不推荐不加考虑直接扔掉。因为一个观测存在一个值是异常值,不代表其他值也是异常值。直接丢掉会很可惜。
对于异常值,如果不知道为什么产生,可以将其替换为缺失值。
diamonds2 <- diamonds %>%
mutate(y = ifelse(y < 3 | y > 20, NA, y))
缺失值
ggplot(data = diamonds2, mapping = aes(x = x, y = y)) +
geom_point()
## Warning: Removed 9 rows containing missing values (geom_point).
如果不想要提示,加上na.rm=T
为了探寻缺失值的模式,可以将缺失单列出一个变量
nycflights13::flights %>%
mutate(
cancelled = is.na(dep_time),
sched_hour = sched_dep_time %/% 100,
sched_min = sched_dep_time %% 100,
sched_dep_time = sched_hour + sched_min / 60
) %>%
ggplot(mapping = aes(sched_dep_time)) +
geom_freqpoly(mapping = aes(colour = cancelled), binwidth = 1/4)
然而由于没有取消的航班远远多于取消的航班,所以看不出规律。
使用分面。
nycflights13::flights %>%
mutate(
cancelled = is.na(dep_time),
sched_hour = sched_dep_time %/% 100,
sched_min = sched_dep_time %% 100,
sched_dep_time = sched_hour + sched_min / 60
) %>%
ggplot(mapping = aes(sched_dep_time)) +
geom_freqpoly(mapping = aes(colour = cancelled), binwidth = 1/4)+
facet_wrap(~cancelled,nrow = 2,scales = "free_y")
Covariation
多个变量之间的协变化关系
一个分类变量和一个连续变量
geom_freqpoly()不太容易比较,因为高度是由count给出的
ggplot(data = diamonds, mapping = aes(x = price)) +
geom_freqpoly(mapping = aes(colour = cut), binwidth = 500)
因为每组中样本量相差很大,所以分布的差别不容易看出来。
ggplot(diamonds) +
geom_bar(mapping = aes(x = cut))
为了消除量的差别,y坐标需要调整,改成density,是count的标准化结果
ggplot(data = diamonds, mapping = aes(x = price, y = ..density..)) +
geom_freqpoly(mapping = aes(colour = cut), binwidth = 500)

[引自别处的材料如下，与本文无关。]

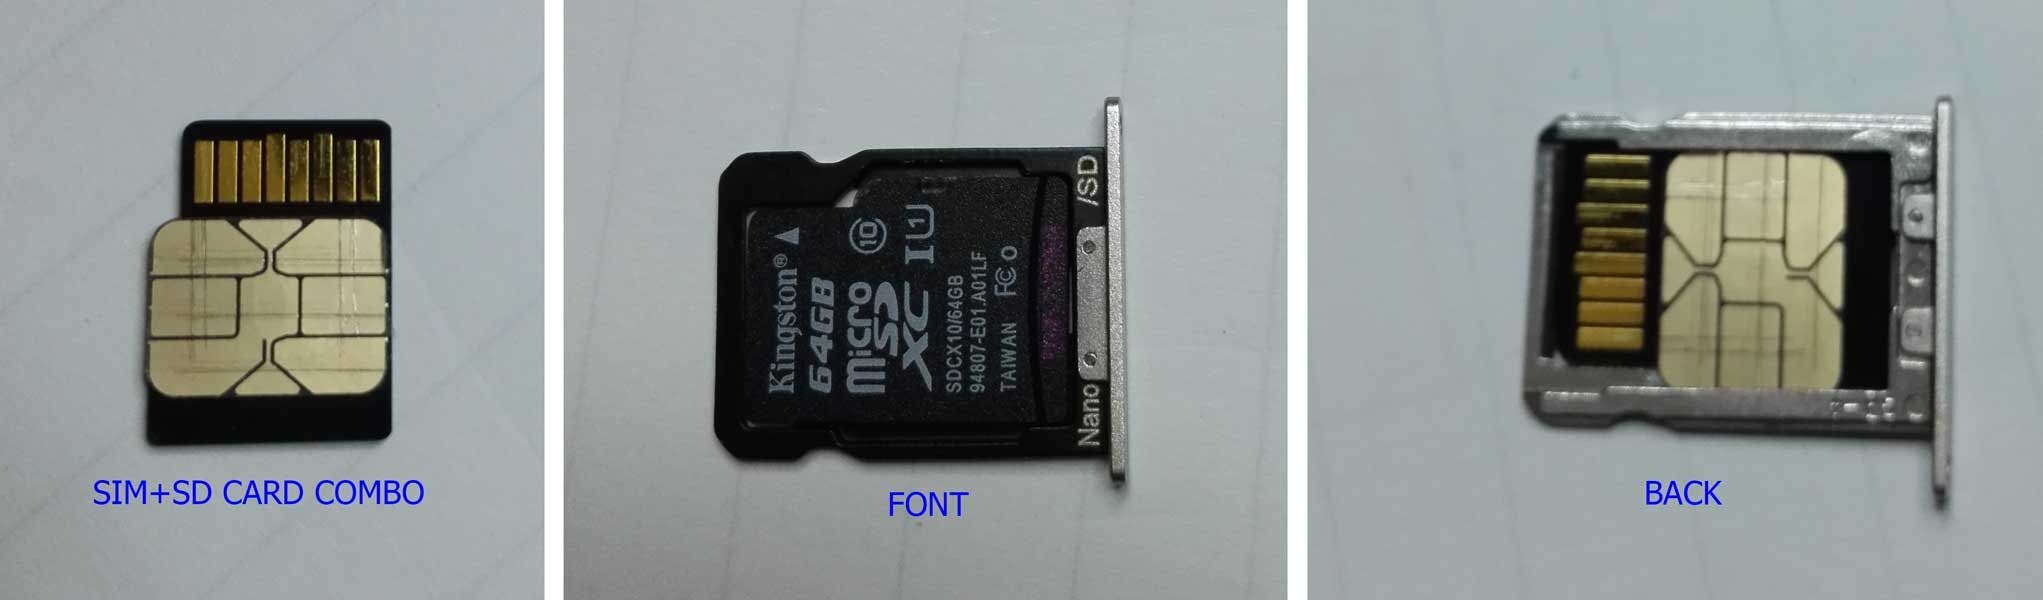 Карта памяти для слота сим карты. SIM 1, SIM 2, MICROSD. Разъем Nano-SIM+MICROSD. MICROSD Micro SIM Combo. Гибридный слот 2 сим карты и карта памяти.
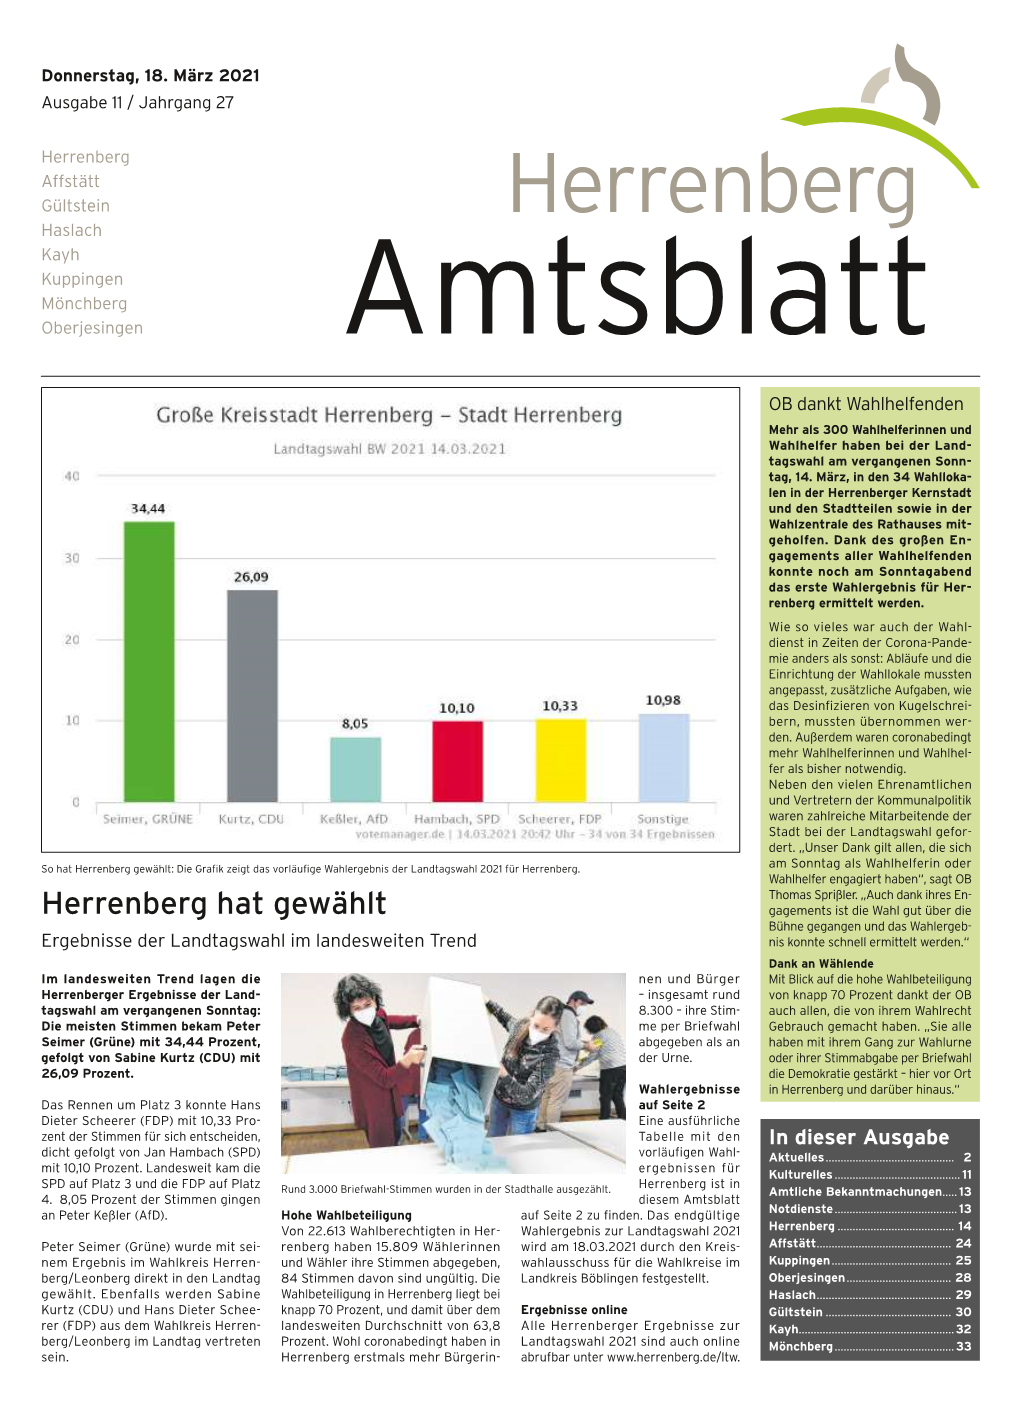 Amtsblatt Ausgabe 11/2021

除了直方图外,还可以用箱线图看分布,箱体内(IQR)是25%~75%,离群点是超过1.5个IQR
ggplot(data = diamonds, mapping = aes(x = cut, y = price)) +
geom_boxplot()
当分类变量是无序的时,可以考虑重新排序
ggplot(data = mpg, mapping = aes(x = class, y = hwy)) +
geom_boxplot()
ggplot(data = mpg) +
geom_boxplot(mapping = aes(x = reorder(class, hwy, FUN = median), y = hwy))
如果变量名较长,可以翻转xy坐标
ggplot(data = mpg) +
geom_boxplot(mapping = aes(x = reorder(class, hwy, FUN = median), y = hwy)) +
coord_flip()
两个分类变量
ggplot(data = diamonds) +
geom_count(mapping = aes(x = cut, y = color))
相当于列联表的可视化
table(diamonds$color,diamonds$cut)
##
## Fair Good Very Good Premium Ideal
## D 163 662 1513 1603 2834
## E 224 933 2400 2337 3903
## F 312 909 2164 2331 3826
## G 314 871 2299 2924 4884
## H 303 702 1824 2360 3115
## I 175 522 1204 1428 2093
## J 119 307 678 808 896
可以用瓦块图
diamonds %>%
count(color, cut)
## # A tibble: 35 x 3
## color cut n
## <ord> <ord> <int>
## 1 D Fair 163
## 2 D Good 662
## 3 D Very Good 1513
## 4 D Premium 1603
## 5 D Ideal 2834
## 6 E Fair 224
## 7 E Good 933
## 8 E Very Good 2400
## 9 E Premium 2337
## 10 E Ideal 3903
## # ... with 25 more rows
diamonds %>%
count(color, cut) %>%
ggplot(mapping = aes(x = color, y = cut)) +
geom_tile(mapping = aes(fill = n))
两个连续变量
使用散点图
ggplot(data = diamonds) +
geom_point(mapping = aes(x = carat, y = price))
如果点很多的话,散点图就看不清楚,可以加上透明度
ggplot(data = diamonds) +
geom_point(mapping = aes(x = carat, y = price), alpha = 1 / 100)
也可以使用二维分箱
smaller <- diamonds %>%
filter(carat < 3)
ggplot(data = smaller) +
geom_bin2d(mapping = aes(x = carat, y = price))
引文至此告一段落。